● **What the task requires**: Below are entries with pictures among them; reproduce exactly, and only, the lines from the one containing "diy fall pumpkin" down to the one containing "Stoudt Magpie Polished Shell - Wayfair", without the pictures.

● **Supplied data**:
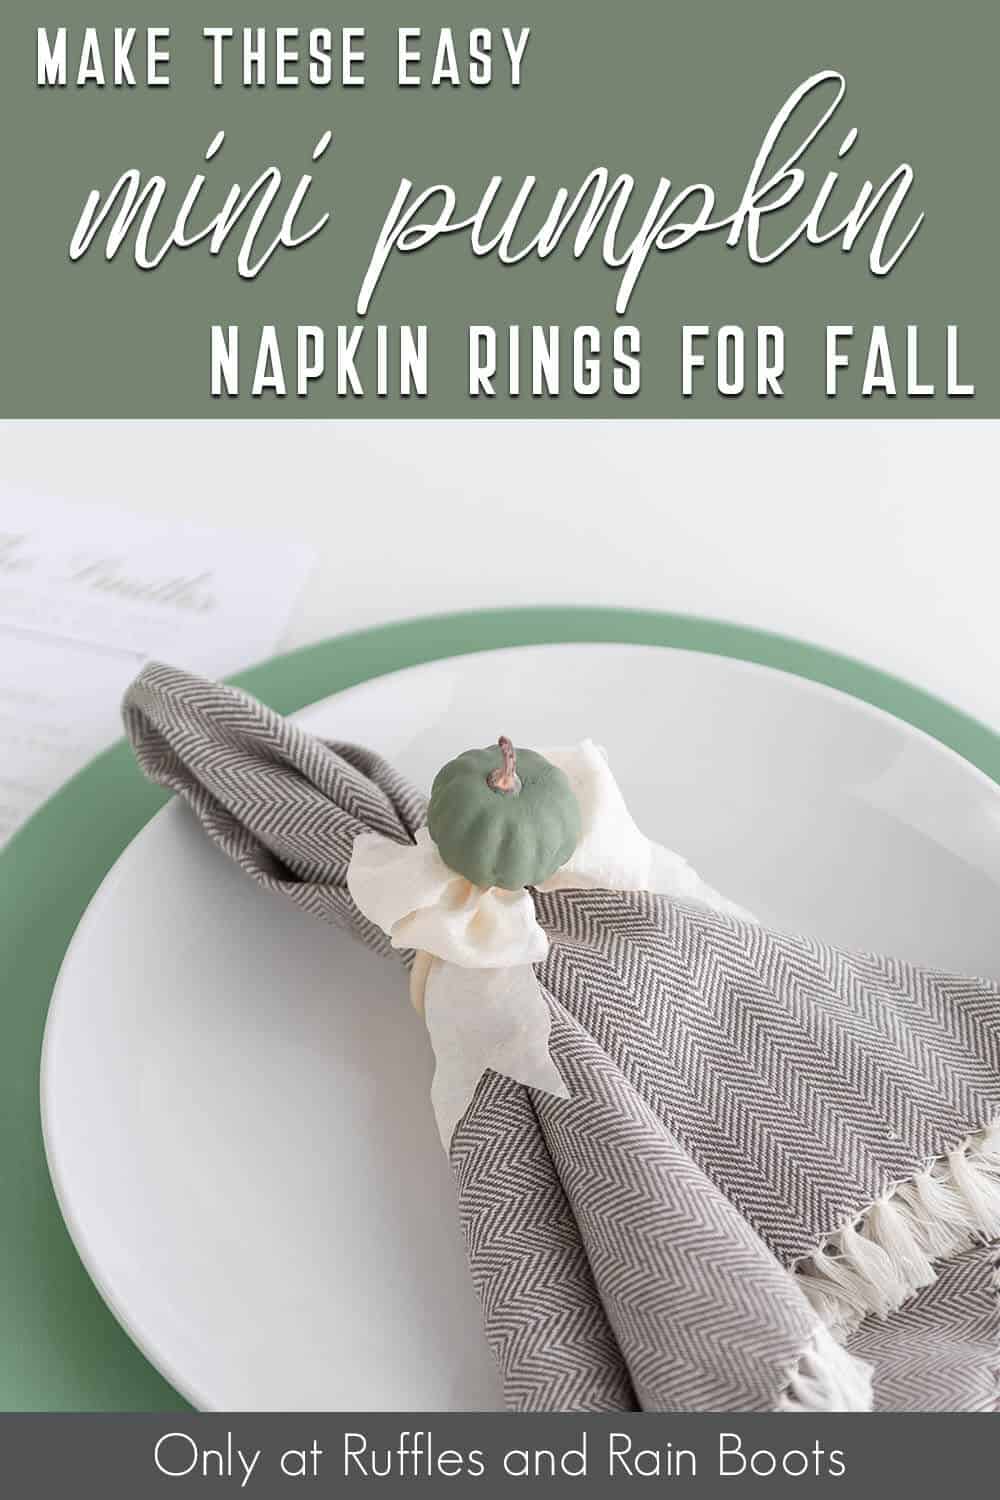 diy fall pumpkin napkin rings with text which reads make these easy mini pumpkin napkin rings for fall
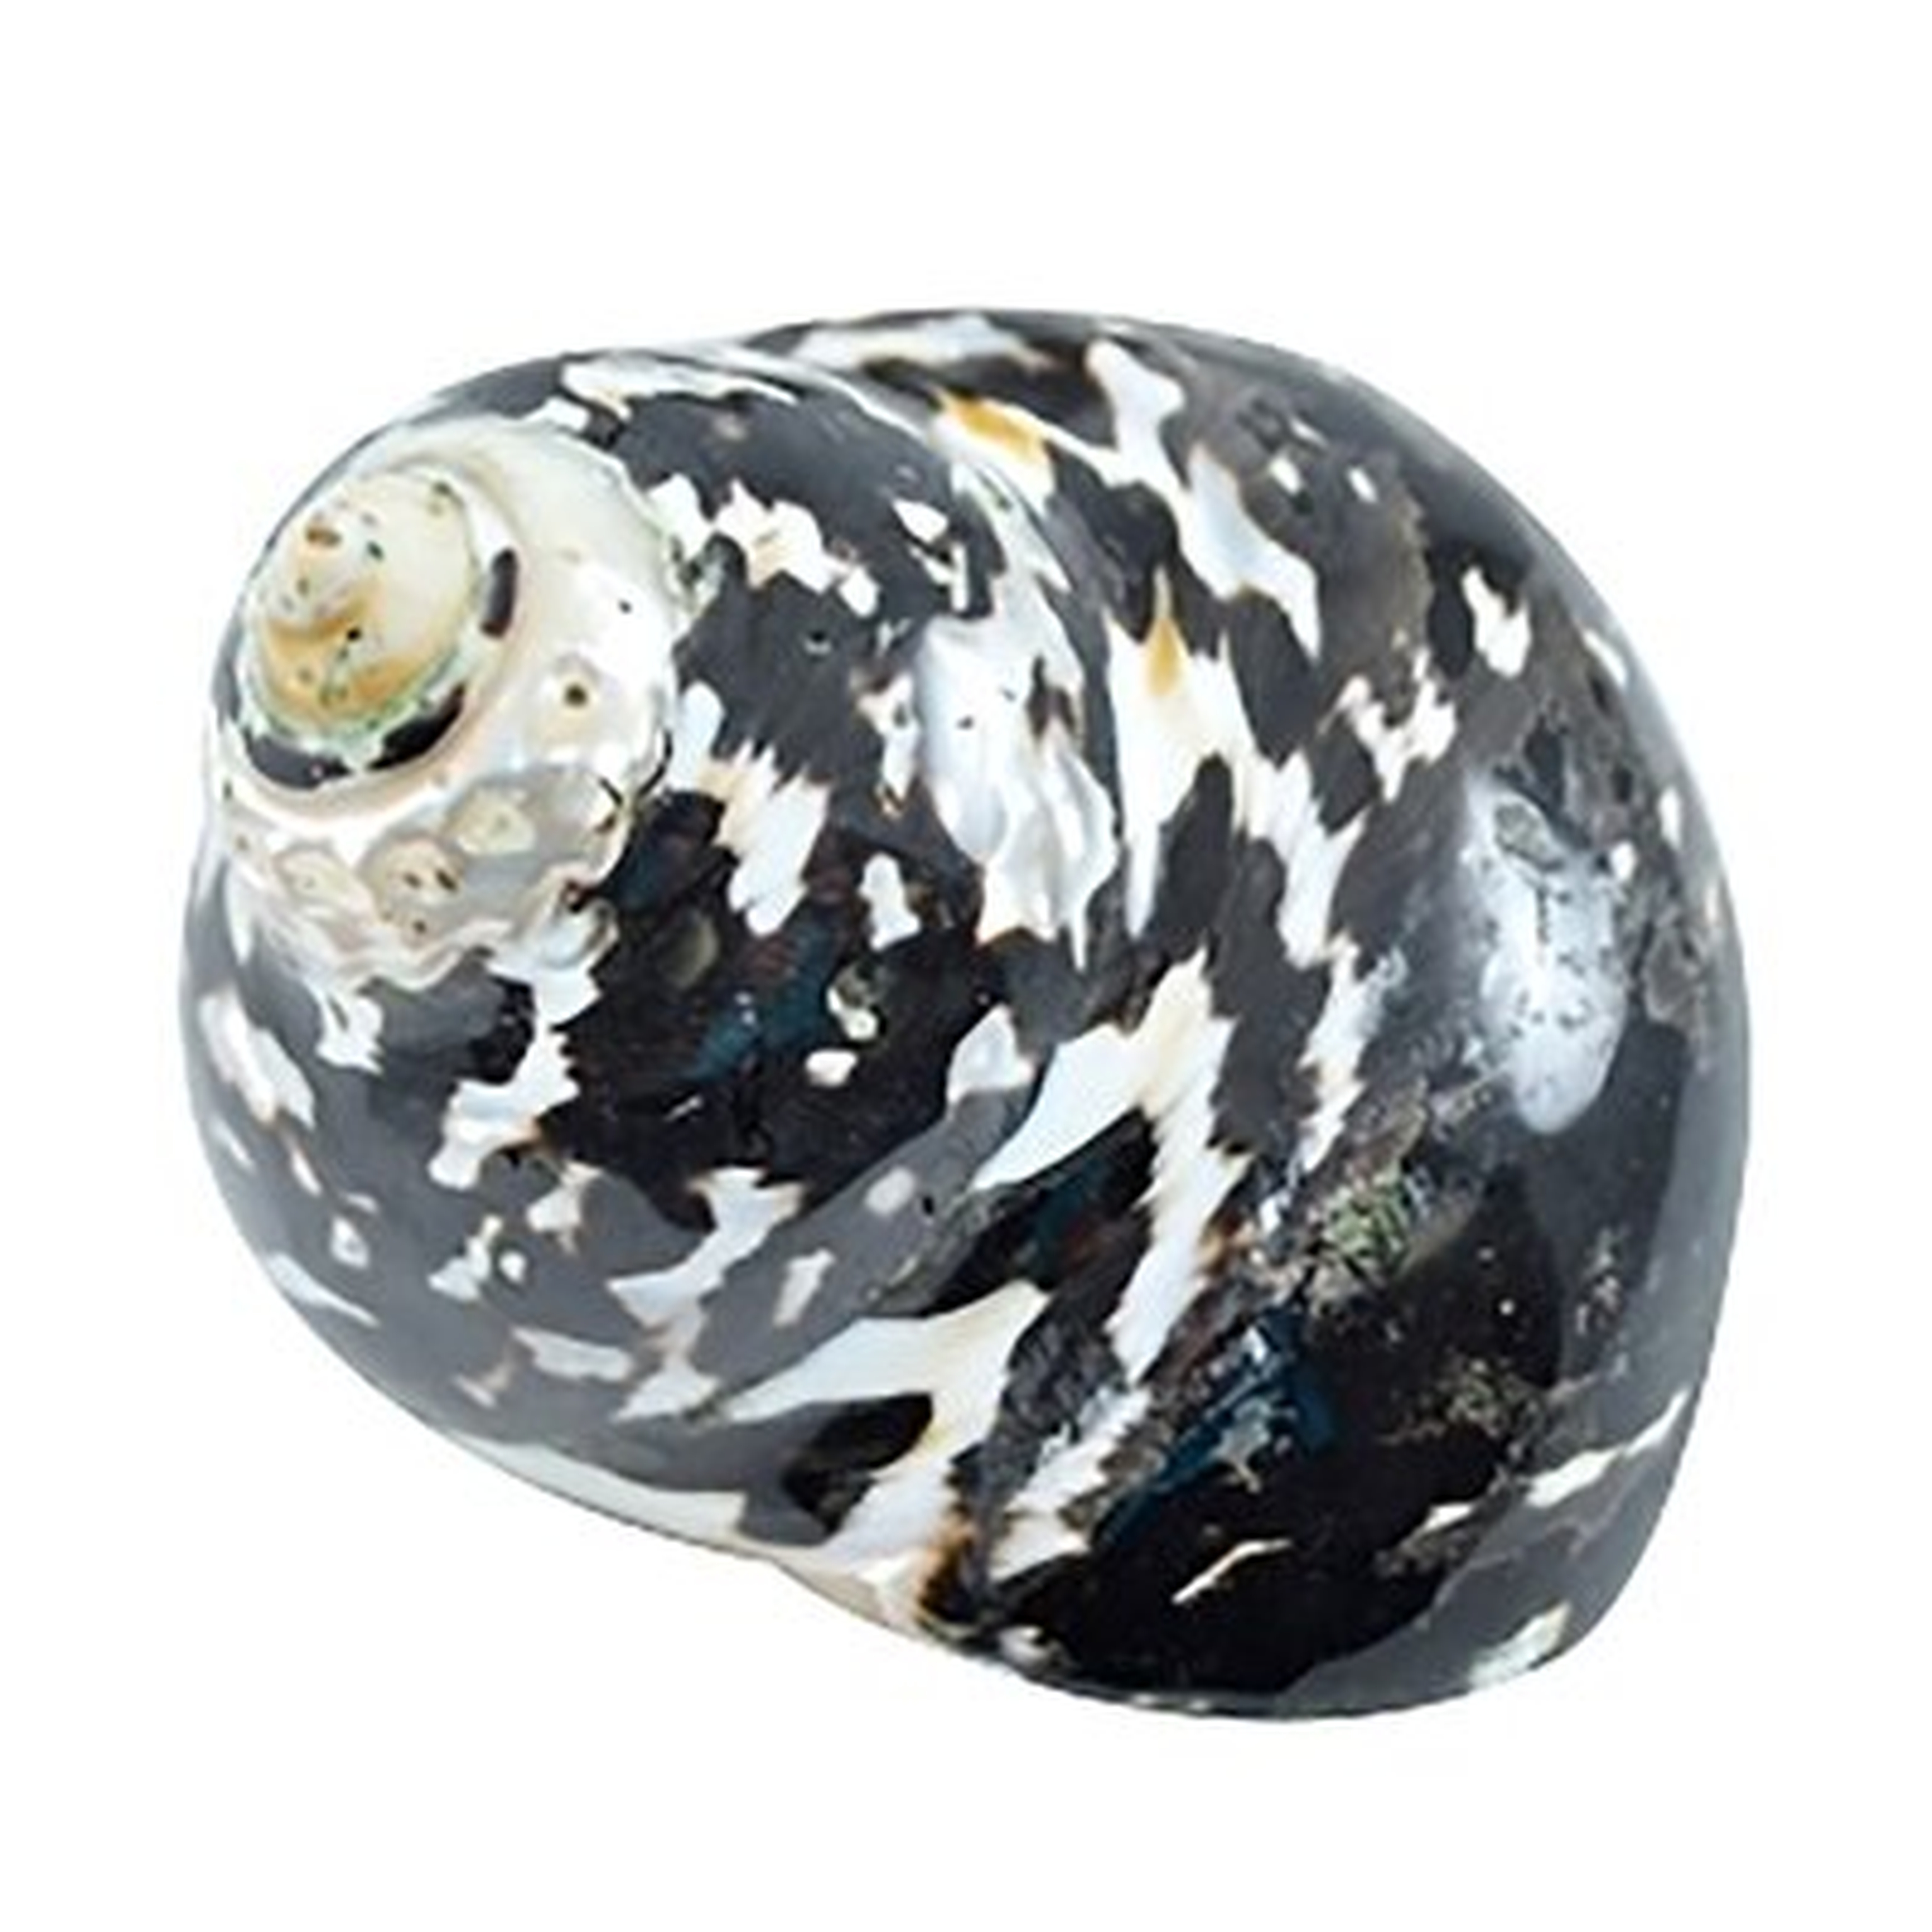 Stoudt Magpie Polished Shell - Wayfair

---

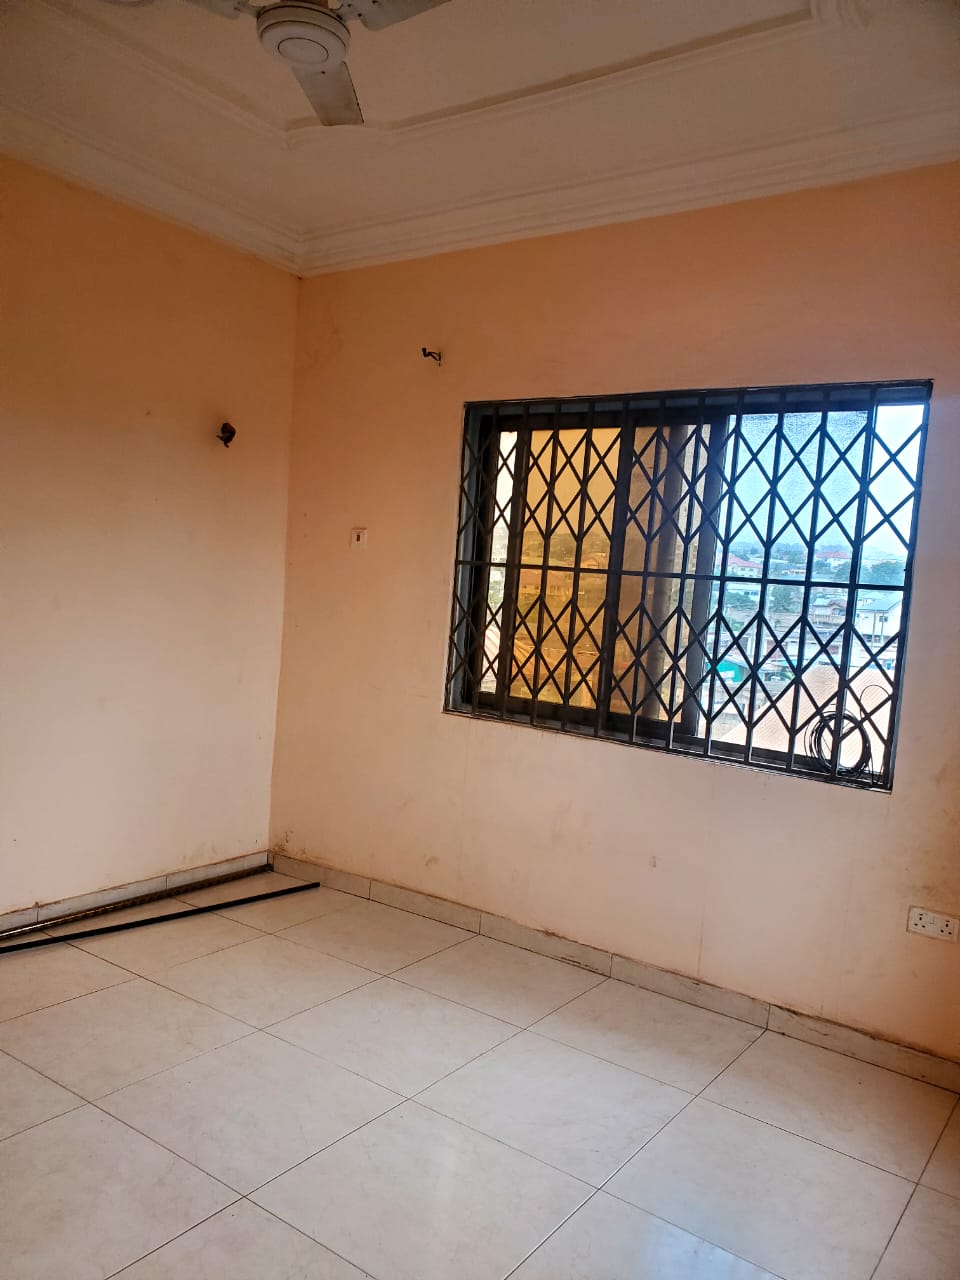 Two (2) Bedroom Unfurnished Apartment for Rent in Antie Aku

● **Task solution**:
 diy fall pumpkin napkin rings with text which reads make these easy mini pumpkin napkin rings for fall
 Stoudt Magpie Polished Shell - Wayfair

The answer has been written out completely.